Implementation substrate: async langchain chains. The post:

"We built the question analysis agents as asynchronous chains invoked through langchain, which meant that they can run in parallel and we just need to wait for the longest agent to complete. We also added early stopping to the components in the pipeline when the trust and safety classifier rejects the question to avoid waiting longer before responding."
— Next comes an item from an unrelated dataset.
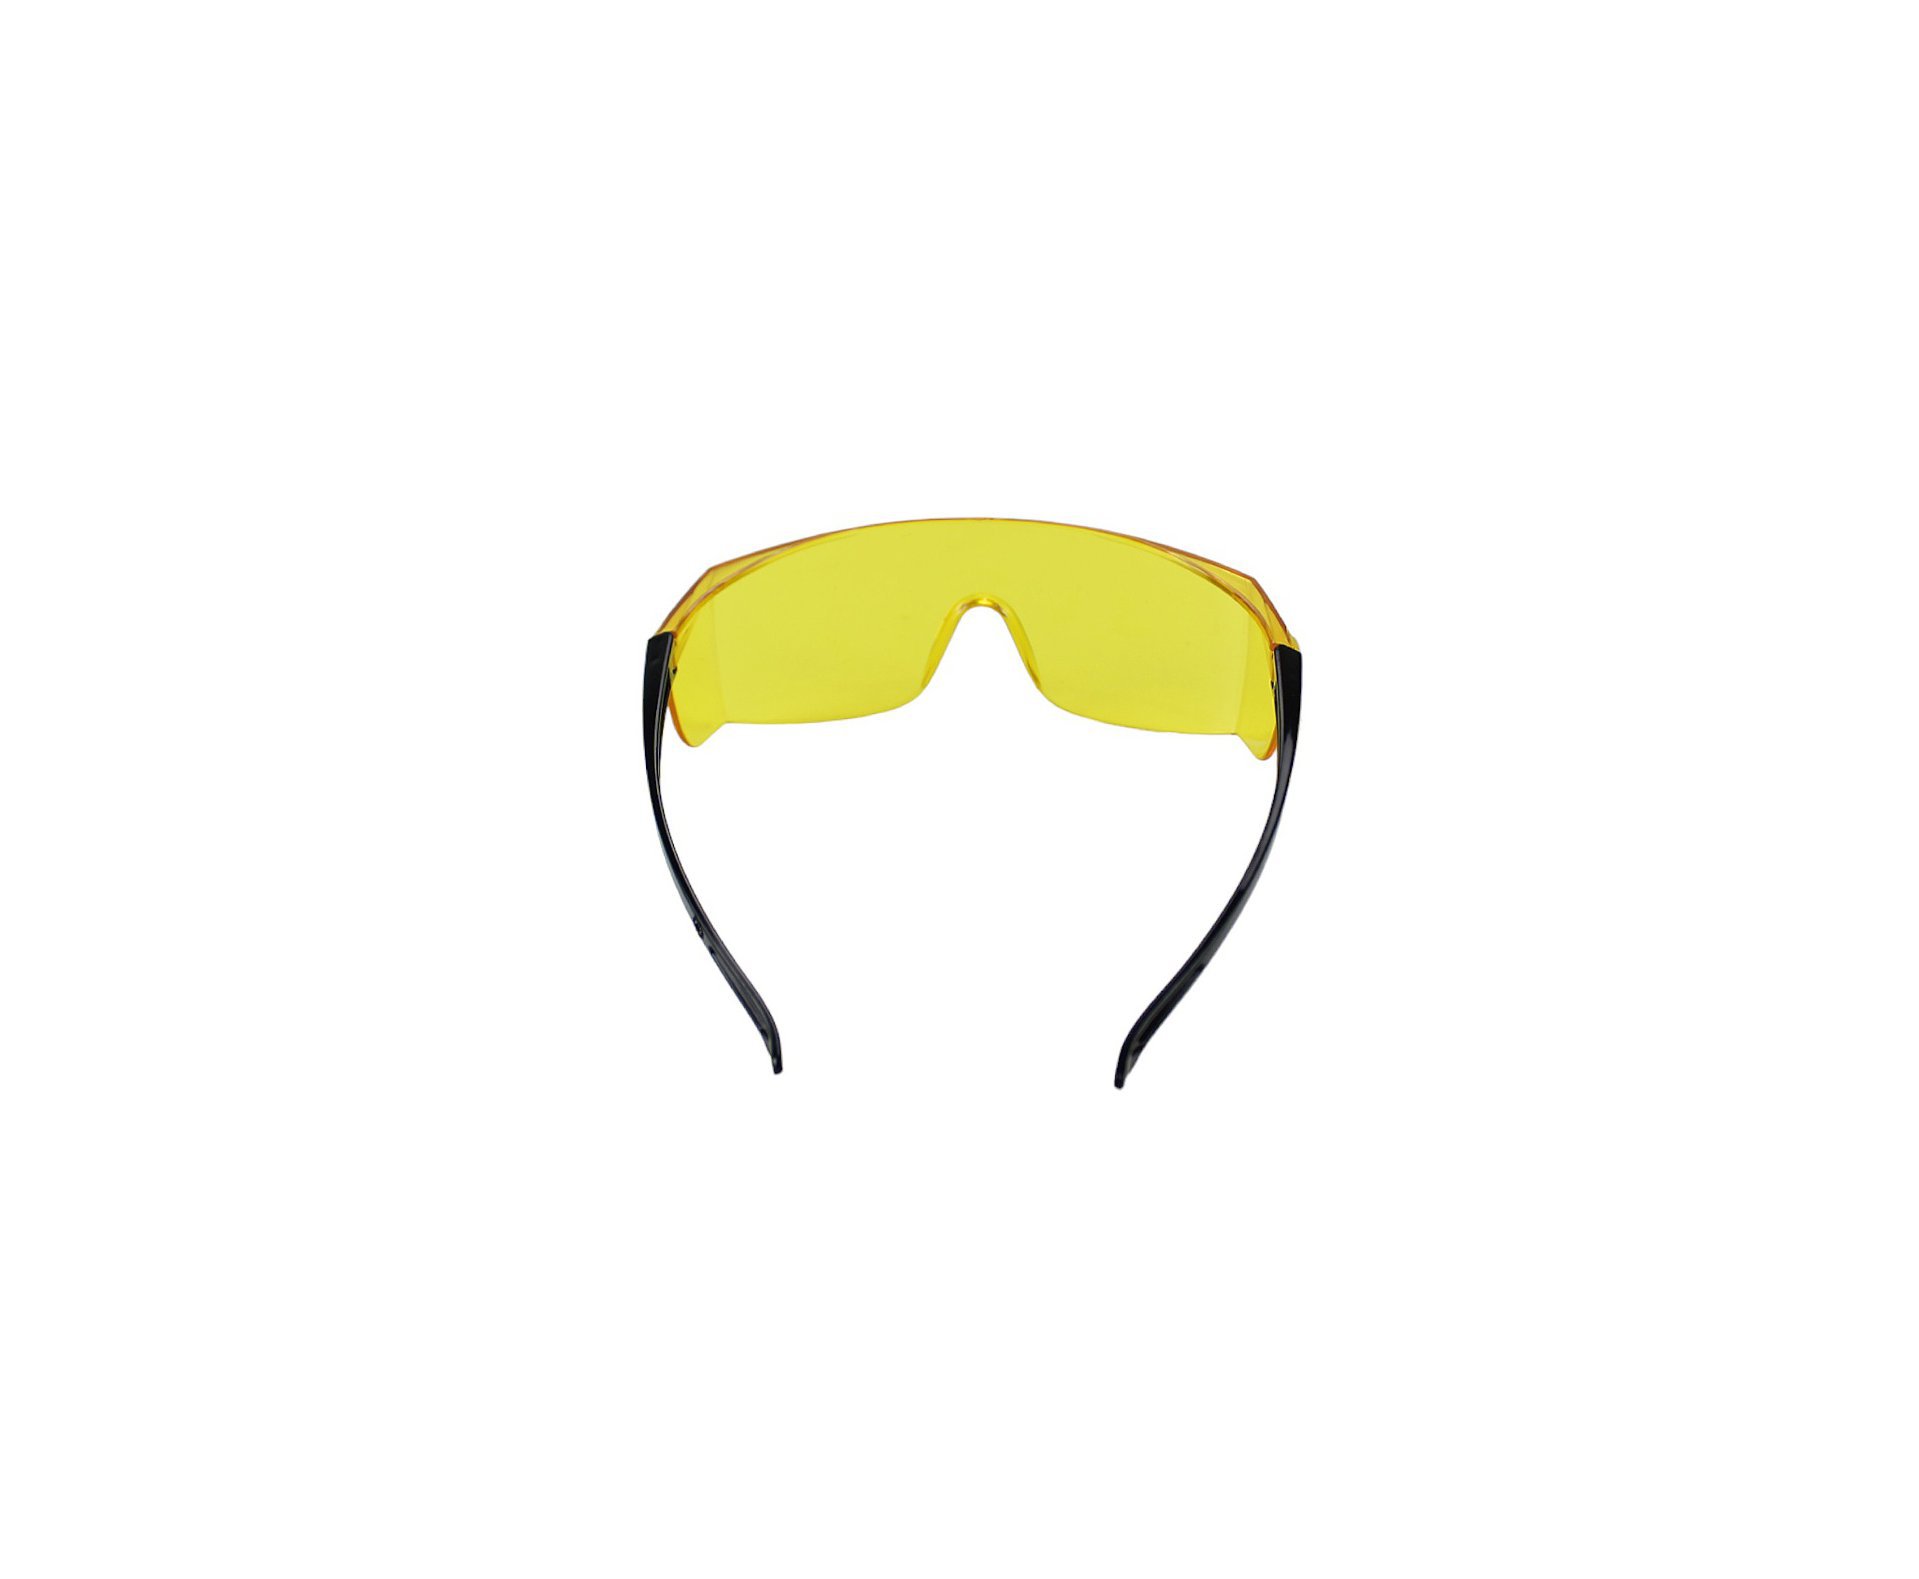 Óculos de Segurança Evolution Valeplast Amarelo Para Tiro Esportivo (62160)

Latency-budget impact: directly contributes to Yelp's p75 10-20 s → <3 s transformation. Source-selection and keyword- generation were split into two small models rather than one combined model — see patterns/split-source-selection-from-keyword-generation.

Why it works

  • Classifier-model latency (a few hundred ms on a fine-tuned small model) << retrieval + generation latency. Running four of them in parallel is roughly the cost of running one.
  • Fine-tuned small models are cheap enough to fan out. A frontier-model fan-out would have different economics.
  • Gate rejection is a common-enough case in internet-facing traffic that cancelling saves real tokens — it's not an edge optimization.

Failure modes

  • Gate classifier false positives reject legitimate questions. Mitigation: log rejected questions, re-label, re-fine-tune periodically. Yelp's fine-tune datasets heavily included "~50% questions that should be considered legitimate" as negatives specifically to control false- positive rate.
  • Source-selection model emits the wrong subset — the question is answerable but the chosen sources don't contain the evidence. Mitigation: evidence-relevance grader catches this offline.
  • Keyword generator returns keywords too vague or too specific. Yelp names this explicitly: "the core challenge was avoiding keywords that are too vague (match everything) or too specific (match nothing)." Mitigation: iterative prompt tuning against a labelled set.
  • Cancellation-race: classifier finishes emitting output just as cancellation arrives. The orchestration layer must tolerate either outcome cleanly.